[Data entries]
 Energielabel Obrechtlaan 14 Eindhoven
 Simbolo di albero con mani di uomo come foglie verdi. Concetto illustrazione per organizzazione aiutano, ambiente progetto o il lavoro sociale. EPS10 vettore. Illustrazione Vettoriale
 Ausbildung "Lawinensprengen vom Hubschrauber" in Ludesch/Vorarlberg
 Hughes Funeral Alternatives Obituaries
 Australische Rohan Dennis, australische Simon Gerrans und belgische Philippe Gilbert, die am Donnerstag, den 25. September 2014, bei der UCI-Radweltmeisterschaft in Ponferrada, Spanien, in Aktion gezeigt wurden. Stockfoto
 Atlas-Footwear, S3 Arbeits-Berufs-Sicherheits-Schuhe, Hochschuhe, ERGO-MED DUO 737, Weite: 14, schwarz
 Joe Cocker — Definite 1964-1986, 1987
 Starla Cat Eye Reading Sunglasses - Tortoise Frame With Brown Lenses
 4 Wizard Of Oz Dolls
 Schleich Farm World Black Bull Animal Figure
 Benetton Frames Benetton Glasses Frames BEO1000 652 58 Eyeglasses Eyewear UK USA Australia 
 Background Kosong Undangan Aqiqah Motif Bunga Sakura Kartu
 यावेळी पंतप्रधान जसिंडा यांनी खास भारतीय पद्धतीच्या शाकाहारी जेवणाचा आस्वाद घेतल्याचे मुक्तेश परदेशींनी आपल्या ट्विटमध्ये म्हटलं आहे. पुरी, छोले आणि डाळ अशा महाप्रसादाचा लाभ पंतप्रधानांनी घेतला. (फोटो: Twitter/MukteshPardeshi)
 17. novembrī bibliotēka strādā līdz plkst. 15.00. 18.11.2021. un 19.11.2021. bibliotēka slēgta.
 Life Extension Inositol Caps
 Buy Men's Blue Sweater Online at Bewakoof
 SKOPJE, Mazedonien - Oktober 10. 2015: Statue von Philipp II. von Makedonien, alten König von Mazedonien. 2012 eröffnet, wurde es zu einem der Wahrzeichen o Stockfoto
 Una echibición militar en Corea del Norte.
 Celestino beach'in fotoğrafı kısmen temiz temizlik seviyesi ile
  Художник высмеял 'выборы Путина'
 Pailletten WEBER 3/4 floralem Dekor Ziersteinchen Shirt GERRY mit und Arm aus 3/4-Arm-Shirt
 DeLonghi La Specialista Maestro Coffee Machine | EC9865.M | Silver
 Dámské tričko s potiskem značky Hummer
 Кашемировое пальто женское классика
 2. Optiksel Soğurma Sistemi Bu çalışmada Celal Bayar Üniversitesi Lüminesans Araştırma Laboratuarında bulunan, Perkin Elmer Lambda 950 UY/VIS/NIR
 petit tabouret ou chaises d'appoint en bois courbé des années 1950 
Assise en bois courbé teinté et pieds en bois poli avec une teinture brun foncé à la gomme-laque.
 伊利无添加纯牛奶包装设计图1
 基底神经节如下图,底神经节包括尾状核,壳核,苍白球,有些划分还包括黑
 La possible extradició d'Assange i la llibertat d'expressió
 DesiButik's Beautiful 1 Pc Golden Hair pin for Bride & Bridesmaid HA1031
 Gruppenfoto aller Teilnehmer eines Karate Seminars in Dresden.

* [Exercise requirements]
Every line in the records above that contains the word "bois" is to be copied out.

* [Solution]
 petit tabouret ou chaises d'appoint en bois courbé des années 1950 
Assise en bois courbé teinté et pieds en bois poli avec une teinture brun foncé à la gomme-laque.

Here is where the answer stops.